Non seulement Internet offre les moyens aux pornographes et extrémistes en tous genres de diffuser images salaces et propagande, mais il les met virtuellement à l’abri des poursuites en leur permettant d’arroser le reste du monde depuis les pays qui les tolèrent.
Internet viole le sanctuaire des lois et des frontières nationales. Le réseau informatique mondial transgresse les règles de morale jusque dans les familles, en mettant à la portée de tous une information débridée.
«Il existe un sentiment d’anxiété face à la vitesse à laquelle cette technologie évolue, une peur de l’inconnu qui retient les gens», souligne John Carson, du Centre national américain d’information légale pour les familles.
«En fait, ajoute M. Carson, Internet n’est pas cette terrifiante incarnation du mal», que répercutent de nombreux médias, se focalisant sur les aspects négatifs du réseau. «Mais ce n’est pas non plus tout rose et merveilleux», comme le voudrait l’enthousiaste marketing des constructeurs informatiques, fournisseurs d’accès et éditeurs en ligne.
Pour Steve Case, le PDG du service en ligne America Online (10 millions d’abonnés), Internet suscite une réaction similaire à celle des autres technologies qui ont bouleversé les communications.
«Lorsque le téléphone a été inventé, il y a un siècle, on a dit que ce serait la fin de l’écrit.
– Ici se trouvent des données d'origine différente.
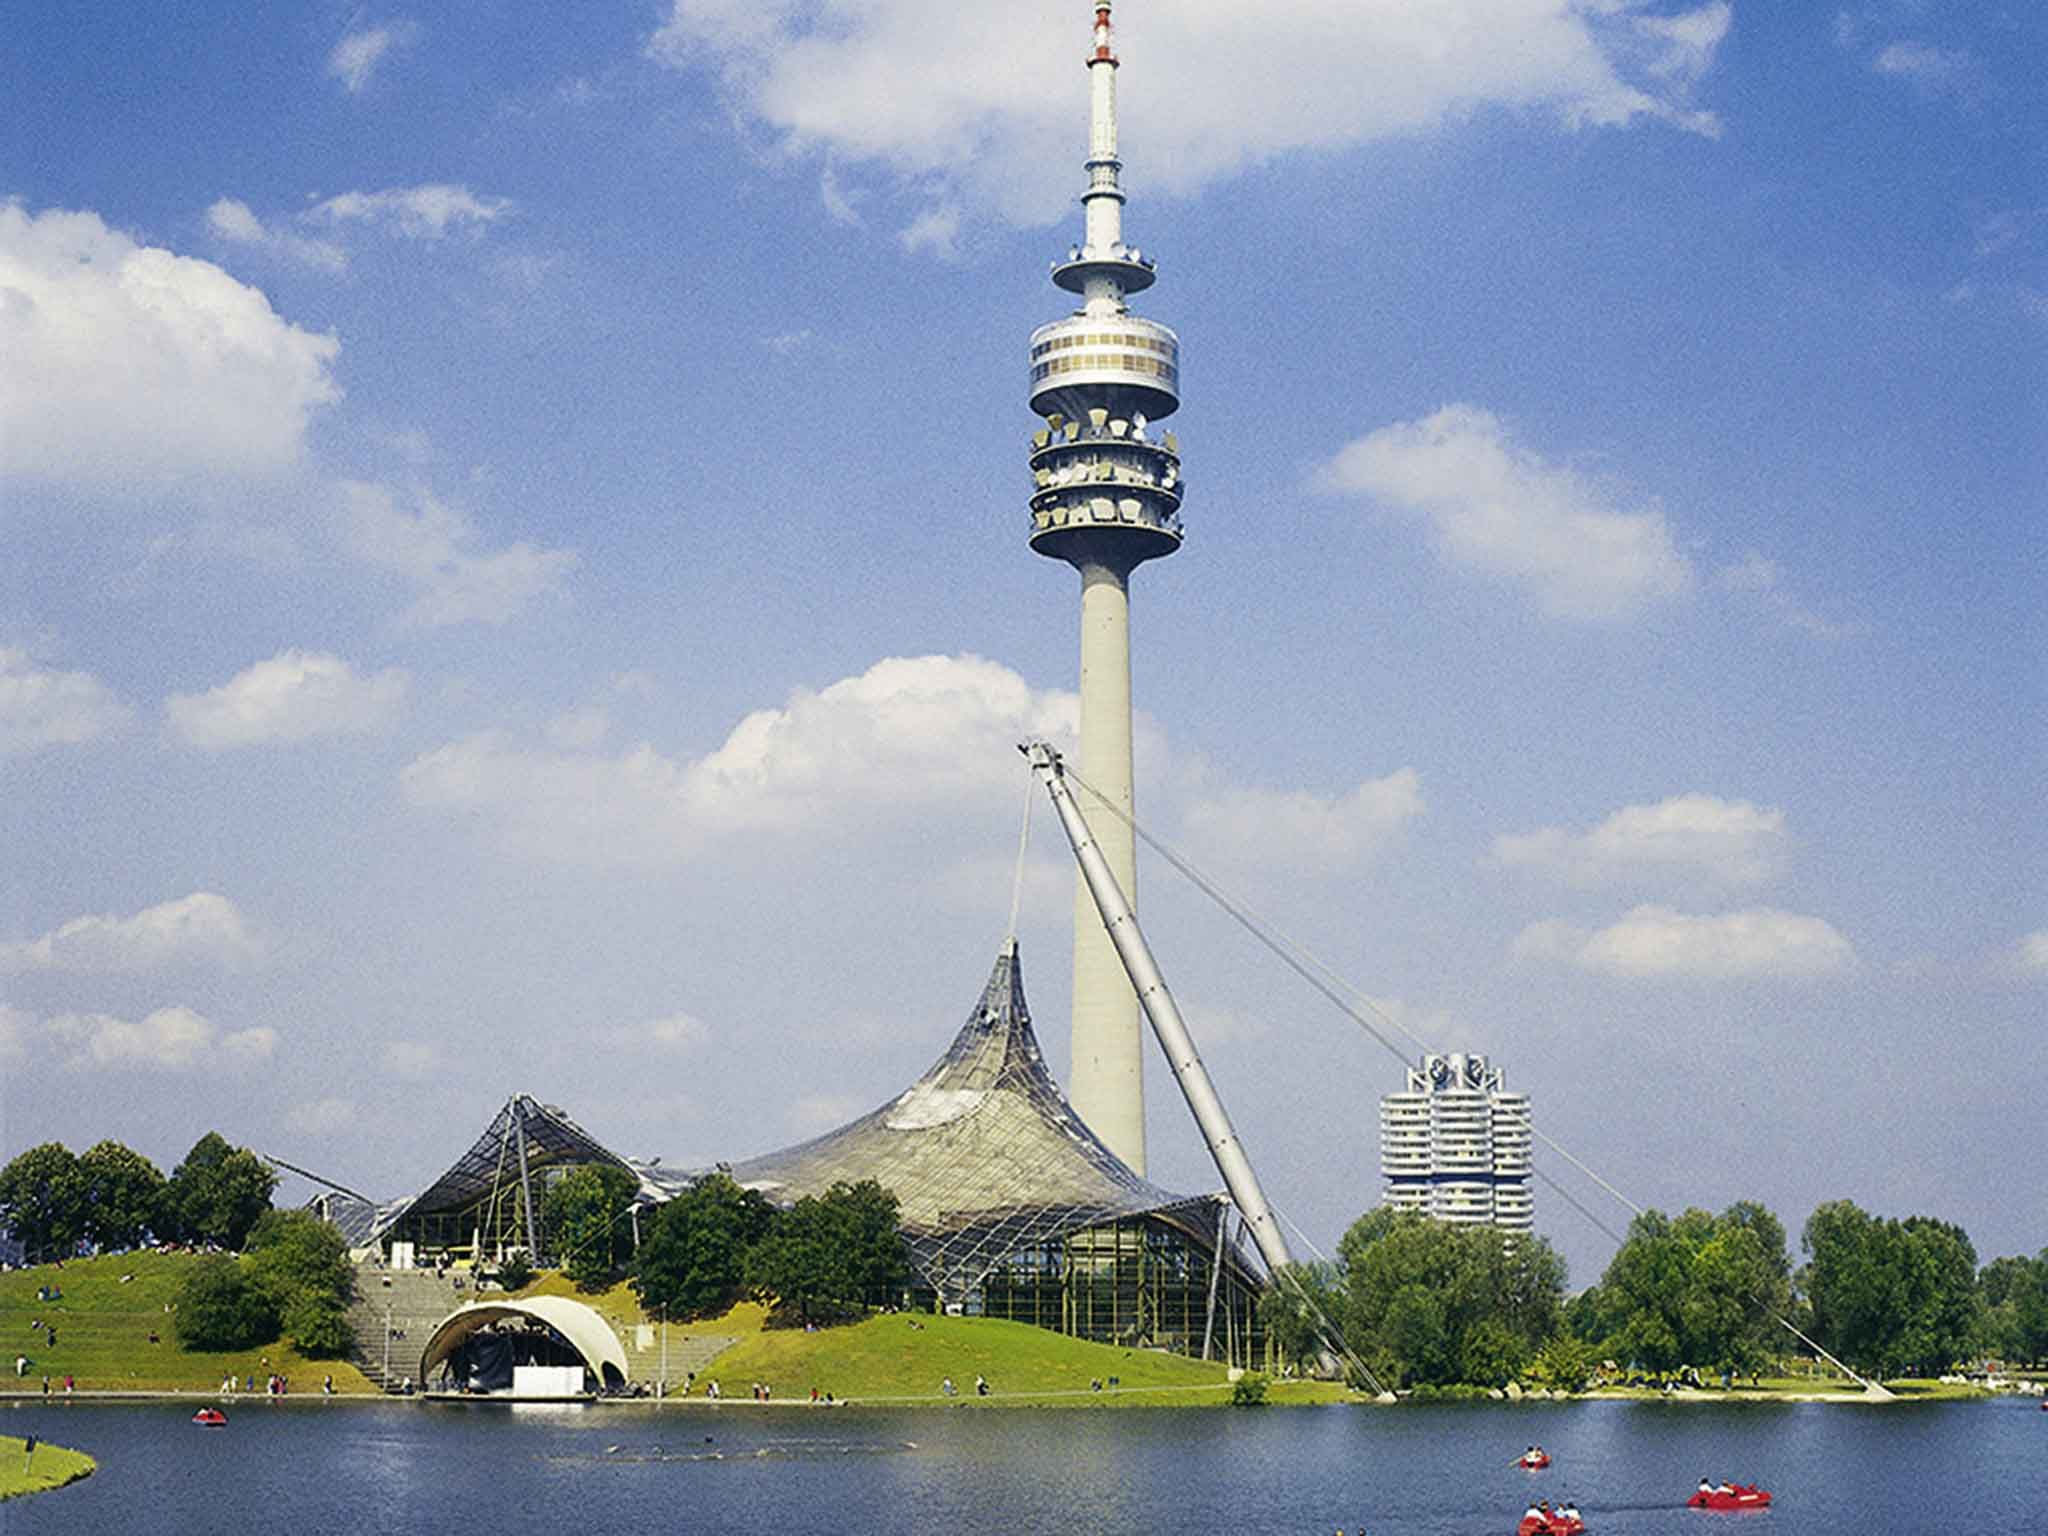 Hotel ibis Munich City Book your hotel in Munich now

Lorsque la télévision est apparue dans les foyers, dans les années 60, on a dit que c’était la fin du dialogue familial», rappelait récemment M. Case. «Aujourd’hui, on dit qu’Internet signifie la fin des valeurs morales».
«Il ne fait aucun doute qu’ils (extrémistes et pornographes) se connectent au réseau, qu’ils essaiment leur message en toute liberté, parfois en se dissimulant derrière des façades avenantes», reconnaît Kathryn Montgomery, responsable d’une association de parents et enseignants autour d’Internet, The Children Partnership.
Une approche active
Mais «c’est à nous tous, associations, entreprises et universitaires, de participer activement à la création d’un contenu positif», affirme-t-elle.
Des 50 à 70 millions de personnes qui, dans le monde, ont choisi de se connecter au réseau, une majorité semble soutenir une approche active.
Un sondage du magazine américain Family PC, paru dans le numéro de décembre, montre que 68% des parents qui disposent d’un ordinateur relié à Internet sont inquiets de «l’exposition des enfants à un contenu sexuel». 67% craignent l’invasion de leur vie privée par les technologies de marketing personnalisé, auxquelles les enfants sont particulièrement vulnérables.
Leur réponse: 78% «savent toujours ce que leurs enfants font en ligne». Seulement 26% ont recours aux filtres de protection des fournisseurs d’accès à Internet et 4% ont installé sur leur PC un logiciel qui bloque l’accès aux sites jugés indésirables.
Autre exemple de prise en charge des «citoyens d’Internet»: l’été dernier, les sites Web de la coalition séparatiste basque Herri Batasuna (bras politique de l’organisation armée ETA) ont été mis hors d’usage par les utilisateurs du réseau indignés par l’assassinat par l’ETA d’un jeune conseiller municipal.
Des milliers d’internautes avaient inondé ces sites d’effigies de mains blanches, le symbole des pacifistes anti-ETA, ce qui avait entraîné leur fermeture.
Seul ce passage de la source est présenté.